With limits upon limits of trout hitting the cleaning table is making me a happy fella. East and West Matty is on fire for us. We had limits + for each man and the beauty of it is I've not had to take that Super Spook off at all. These fish were caught in West Matty and a quick camera shot was all I could do because I had to get my butt back out there fishing. Weve been concentrating on shell areas next to grass lines or going in the back of guts and coves that have produced in the past, and they have been paying off! Lots of other folks I've been talking to have been not as lucky as I have been with top-water, but they have been doing well with assasins. These Equinox tides make it somewhat tricky as far as finding the concentrations of trout, but once you do just sit it out and enjoy stringin em up! Good Luck Guys and Gals and tight lines!
www.capthollisforrester.com


----------



## DatDude (Oct 3, 2007)

More gutpile pics form matagorda yaaaa!


----------



## D-kirk2 (Sep 4, 2007)

wat to go Hollis nice haul.


----------



## seabo (Jun 29, 2006)

nice work!!! i see its time to fly! be ready for another ring.


----------



## 100% Texan (Jan 30, 2005)

I need to take a ride over to west bay and hang out in your honey hole but east bay is so good right now it might be another month before I go west.awesome fishing Capt.


----------



## The Driver. (May 20, 2004)

Good job Hollis!


----------



## Rhettfish (Nov 5, 2007)

That's what I was thinking


DatDude said:


> More gutpile pics form matagorda yaaaa!


----------



## HAYBL (Nov 14, 2006)

Way to go Hollis.


----------



## plugger21 (Dec 5, 2004)

*E. Matty*

They will all be *****in' about how crowded it is in a month. We'll have to listen to every single guy on this forum tell his own personal story of being cut off.


----------



## Coon (Jul 18, 2006)

Bingo!


----------



## twitch-twitch-reel (May 21, 2006)

Way to go!


----------



## Capt. Dustin Lee (Jan 16, 2006)

Way to go partner! I did not get the chance to take pics of our box but you saw them. There was some nice ones pulled in. Tizz the season.

Capt. Dustin Lee
Fish'N Addiction Guide Service
www.TexasBigFish.com
www.MatagordaBayFishingGuide.com

Team Brown Lures, Hookset Marine, Kubala Kustom Rods, Midcoastproducts.com


----------



## twitch-twitch-reel (May 21, 2006)

yup... I got a limit of paperclips yesterday and scored a new note pad from Staples. A little later in the day, Hooked up with a mechanical pencil left in the conference room. It was a killer day to be in the office for sure! The florescent lights are beautiful today!


----------



## Capt. Dustin Lee (Jan 16, 2006)

twitch-twitch-reel said:


> yup... I got a limit of paperclips yesterday and scored a new note pad from Staples. A little later in the day, Hooked up with a mechanical pencil left in the conference room. It was a killer day to be in the office for sure! The florescent lights are beautiful today!

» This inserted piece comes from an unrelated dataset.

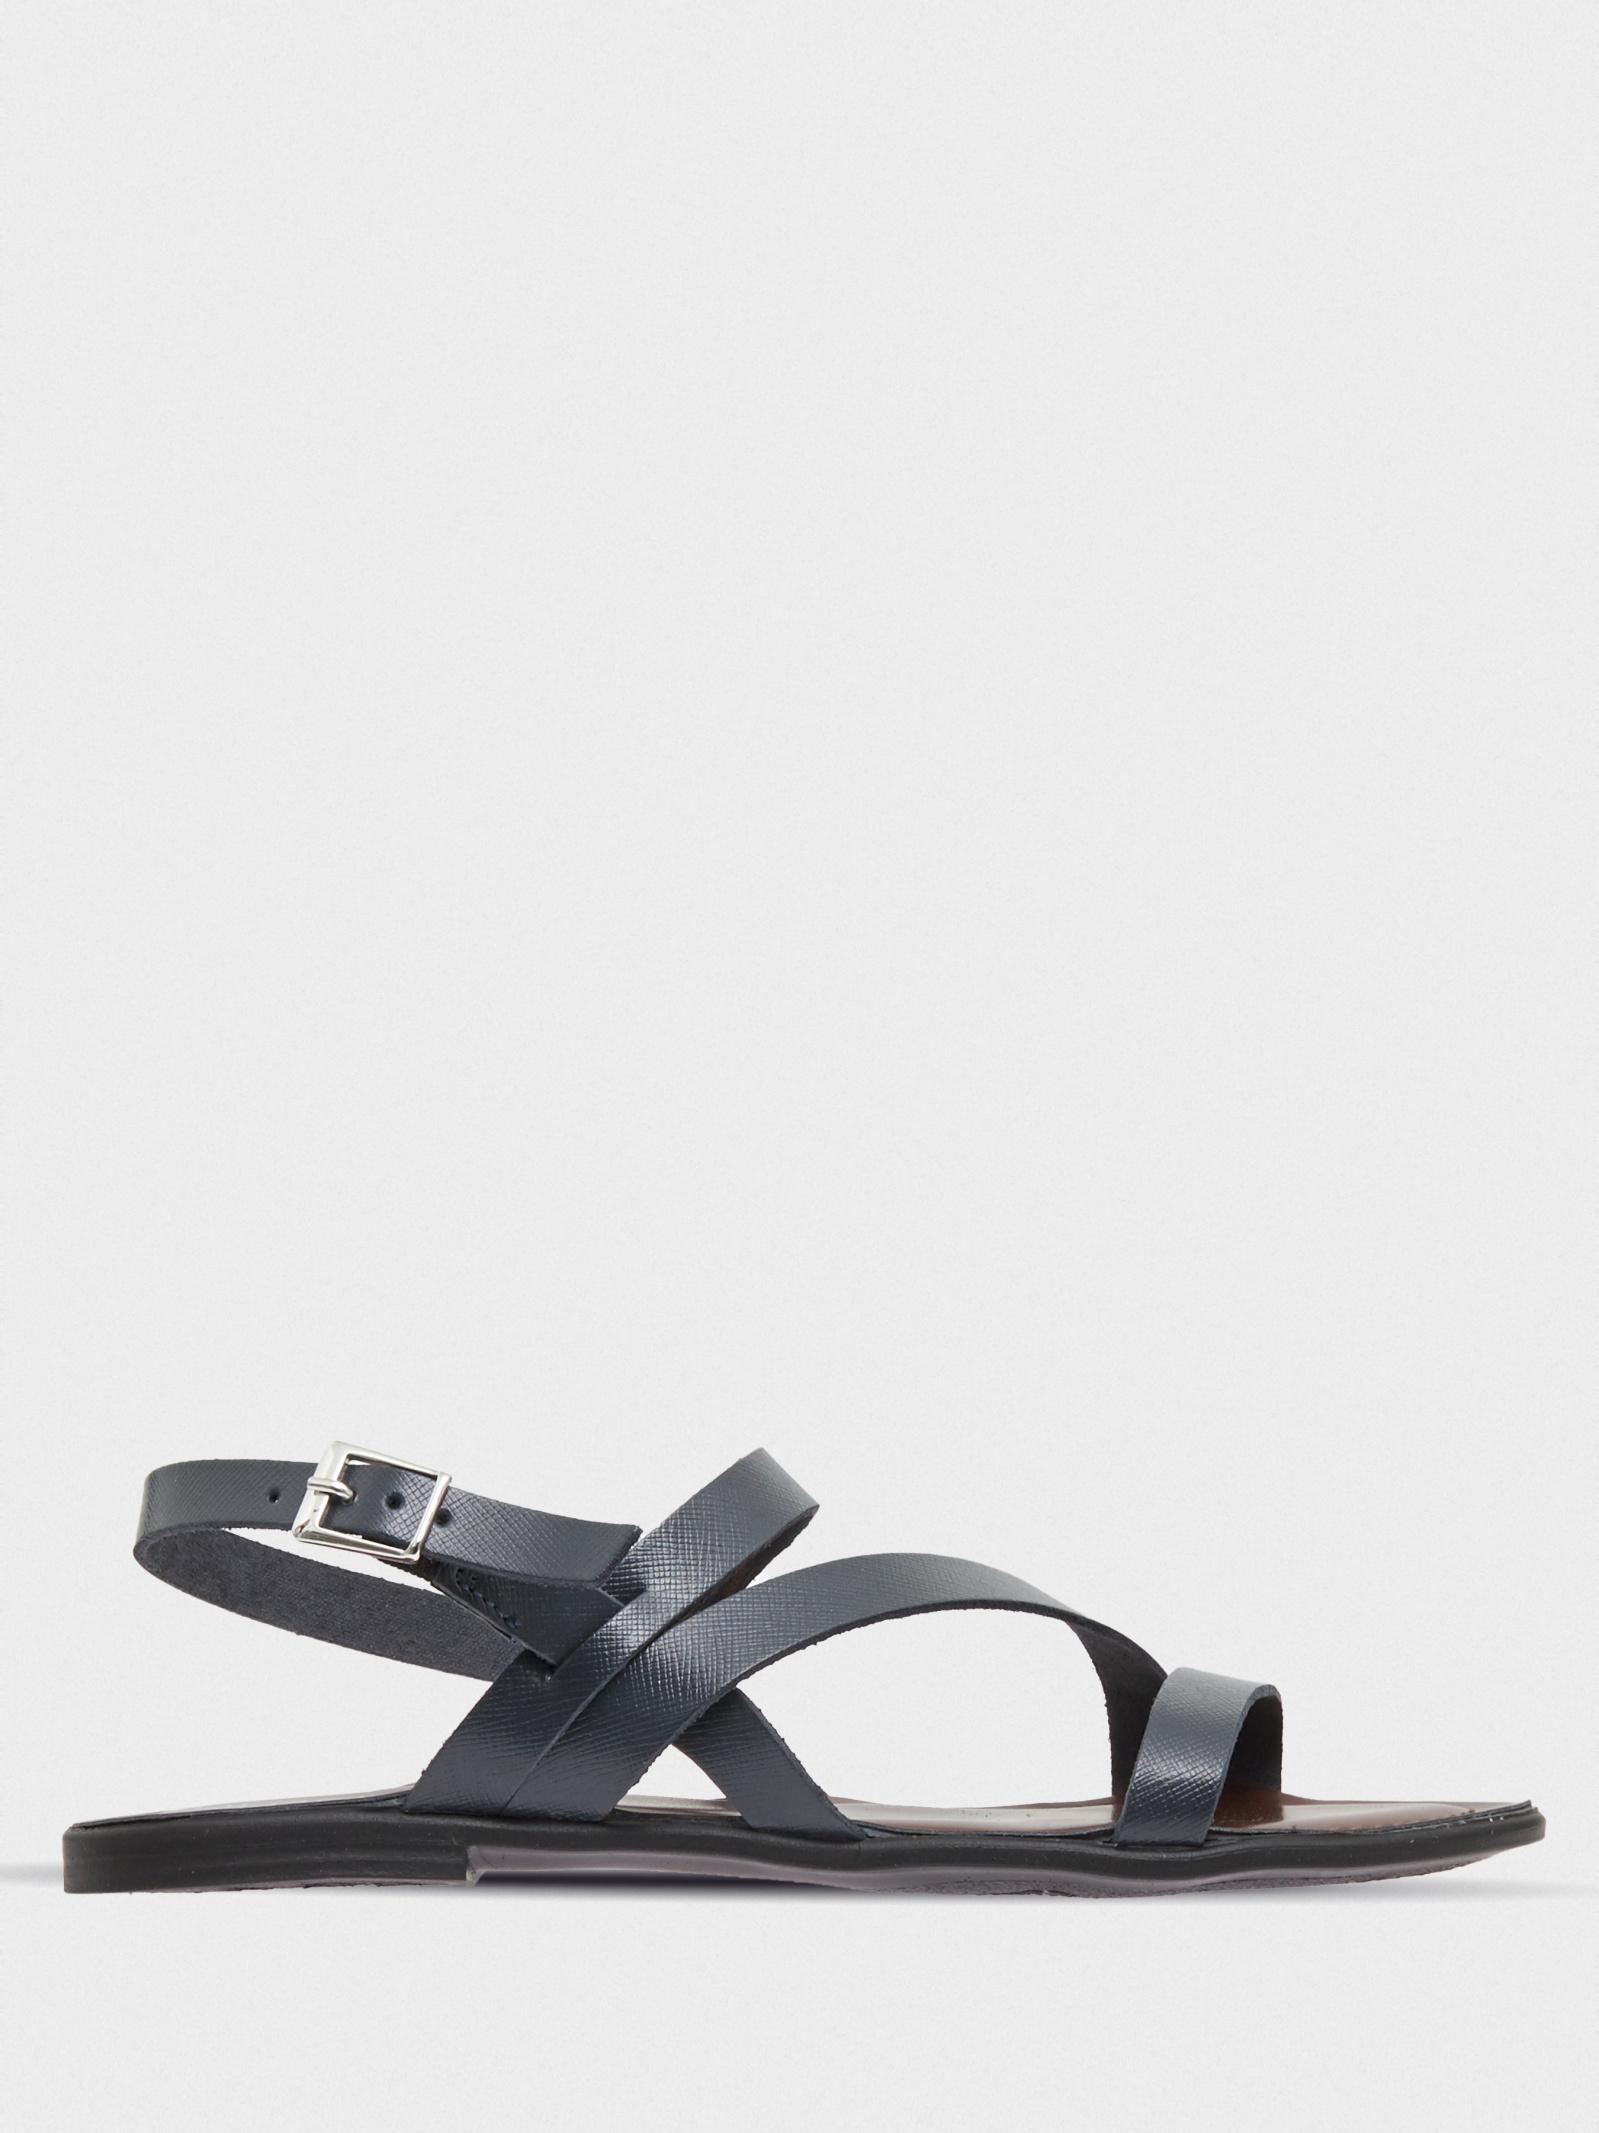 Сандалии для женщин Braska VH-3U-02 black брендовая обувь, 2017

LOL I know the feeling Twitch. Been pretty busy myself since IKE. Sure wish I was out there today. It is a beautiful day (or it sure looks like it from my office window).

Capt. Dustin Lee
Fish'N Addiction Guide Service
www.TexasBigFish.com
www.MatagordaBayFishingGuide.com

Team Brown Lures, Hookset Marine, Kubala Kustom Rods, Midcoastproducts.com


----------



## ExplorerTv (Apr 18, 2006)

*Exactly*



plugger21 said:


> They will all be *****in' about how crowded it is in a month. We'll have to listen to every single guy on this forum tell his own personal story of being cut off.


Exactly


----------



## Bayscout22 (Aug 9, 2007)

twitch-twitch-reel said:


> yup... I got a limit of paperclips yesterday and scored a new note pad from Staples. A little later in the day, Hooked up with a mechanical pencil left in the conference room. It was a killer day to be in the office for sure! The florescent lights are beautiful today!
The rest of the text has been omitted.